In each above number folder has some images.

@AnhPC03
Copy link

AnhPC03 commented Sep 22, 2020

@L1aoXingyu I don't understand clearly your documentation for custom dataset. I've tried your way but got below error:

Traceback (most recent call last):
  File "tools/train_net.py", line 67, in <module>
    args=(args,),
  File "./fastreid/engine/launch.py", line 71, in launch
    main_func(*args)
  File "tools/train_net.py", line 53, in main
    trainer = Trainer(cfg)
  File "./fastreid/engine/defaults.py", line 204, in __init__
    data_loader = self.build_train_loader(cfg)
  File "./fastreid/engine/defaults.py", line 408, in build_train_loader
    return build_reid_train_loader(cfg)
  File "./fastreid/data/build.py", line 27, in build_reid_train_loader
    dataset = DATASET_REGISTRY.get(d)(root=_root, combineall=cfg.DATASETS.COMBINEALL)
  File "./fastreid/product_dataset.py", line 8, in __init__
    super().__init__(train, query, gallery)
NameError: name 'train' is not defined

And this is my product_dataset.py file in fastreid folder:

from fastreid.data.datasets import DATASET_REGISTRY
from fastreid.data.datasets.bases import ImageDataset

@DATASET_REGISTRY.register()
class ProductDataset(ImageDataset):
    def __init__(self, root='datasets', **kwargs):
        ...
        super().__init__(train, query, gallery)
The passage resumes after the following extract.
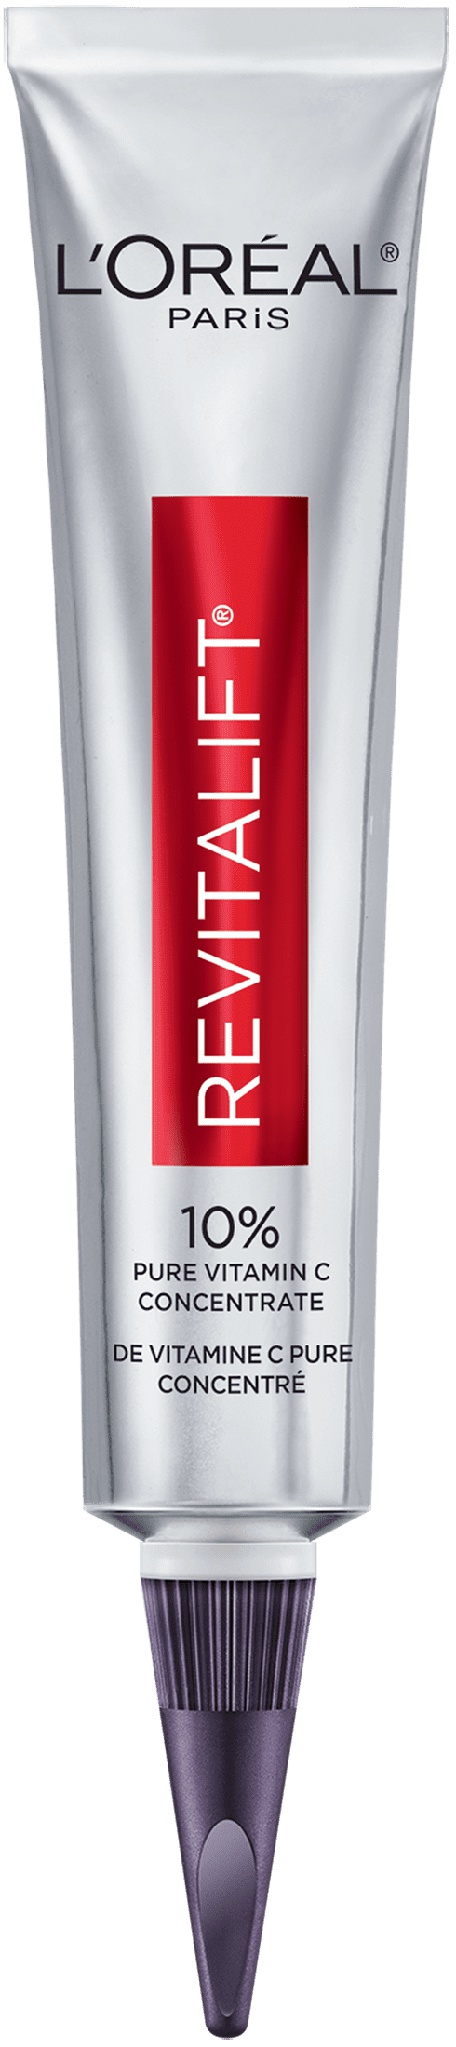 L'Oreal Paris Revitalift 10% Pure Vitamin C Face Serum, Brighter Skin, Reduced Wrinkles, Fragrance Free
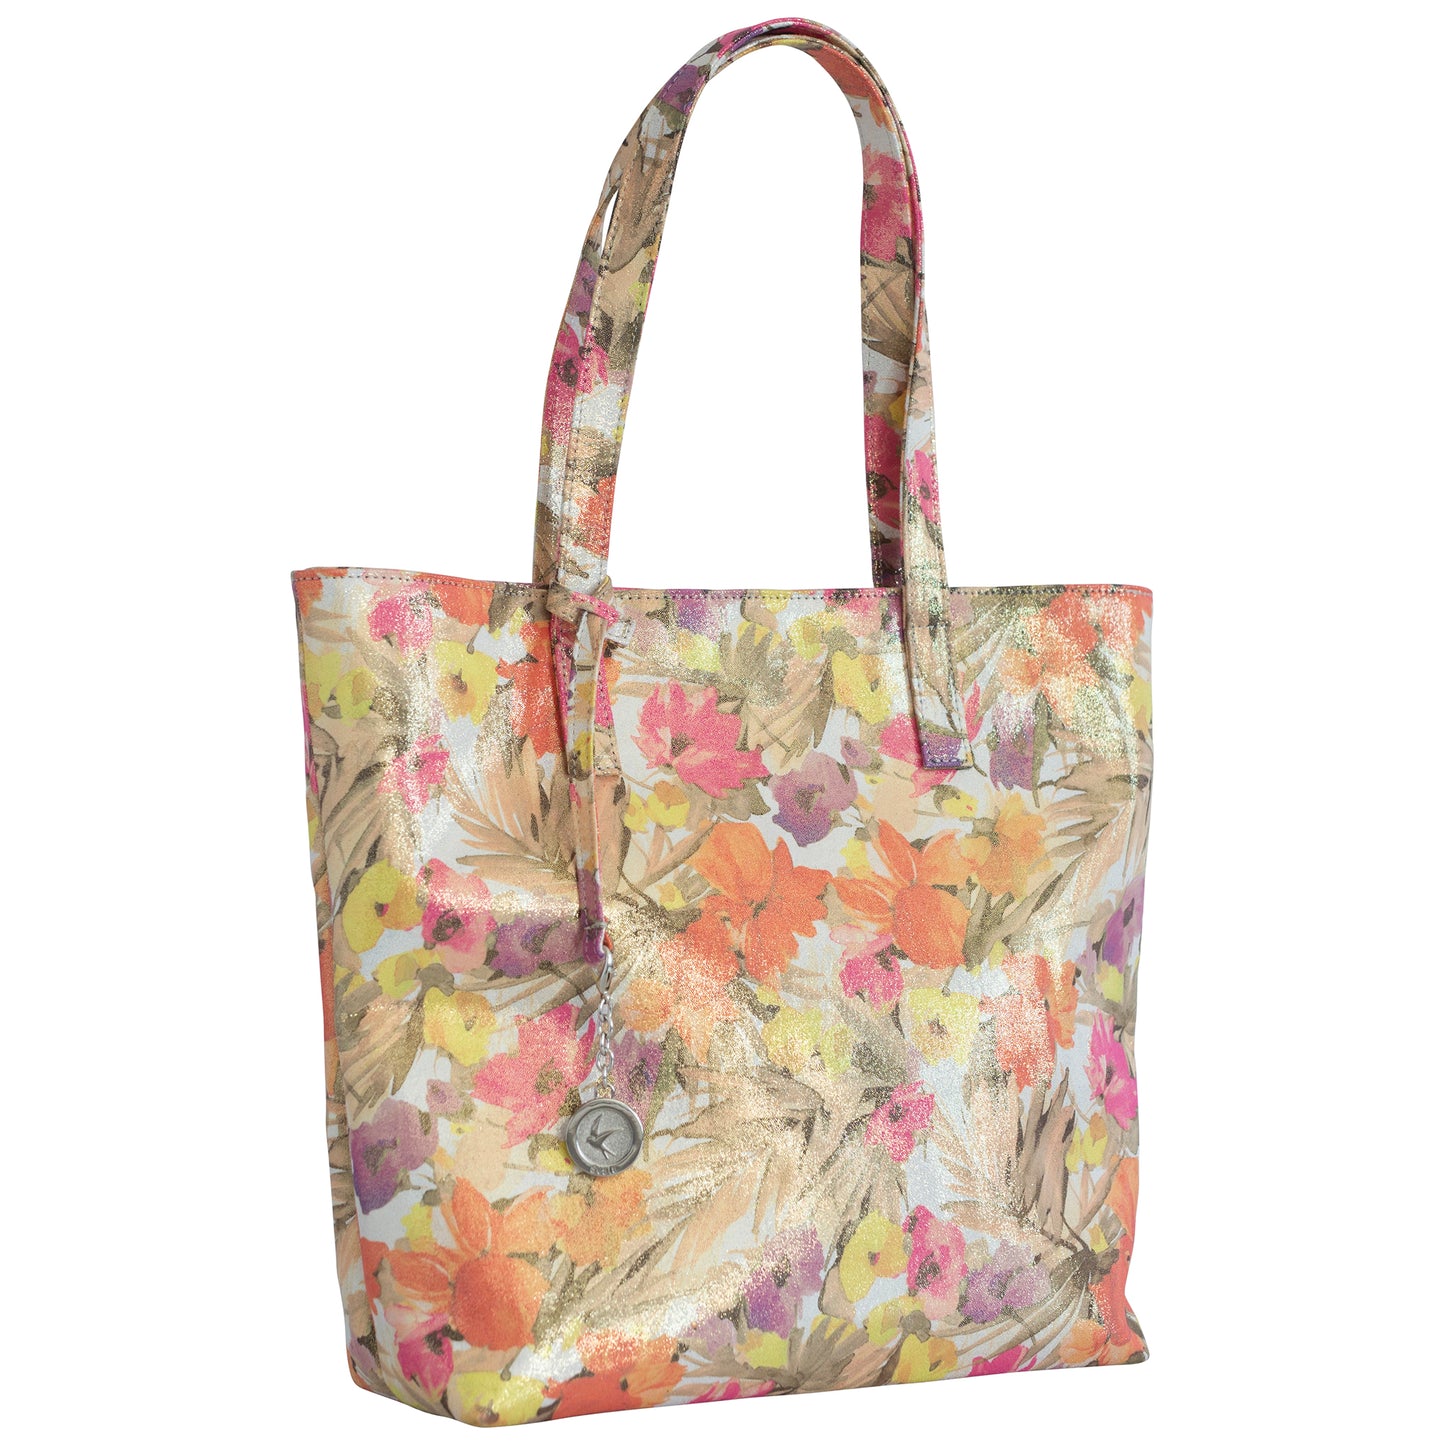 Svala Simma luxury vegan tote handbag in floral

Although I had removed ... in the above file but got the same error.
The ProductDataset folder is in the datasets folder and has structure as following:

.
├── gallery
│   ├── data_38
│   ├── data_43
│   ├── data_68
│   ├── data_gro
│   └── data_grocery
├── query
│   ├── data_38
│   ├── data_43
│   ├── data_68
│   ├── data_gro
│   └── data_grocery
└── train
    ├── data_38
    ├── data_43
    ├── data_68
    ├── data_gro
    └── data_grocery

And in the each child folder, has the structure as below (ex: train/data_38/):

.
├── 1
├── 10
├── 11
├── 12
├── 13
├── 14
├── 15
├── 16
├── 17
├── 18
├── 19
├── 2
├── 20
├── 21
├── 22
├── 23
├── 24
├── 25
├── 26
├── 27
├── 28
├── 29
├── 3
├── 30
├── 31
├── 32
├── 33
├── 34
├── 35
├── 36
├── 37
├── 38
├── 4
├── 5
├── 6
├── 7
├── 8
└── 9

In each above number folder has some images.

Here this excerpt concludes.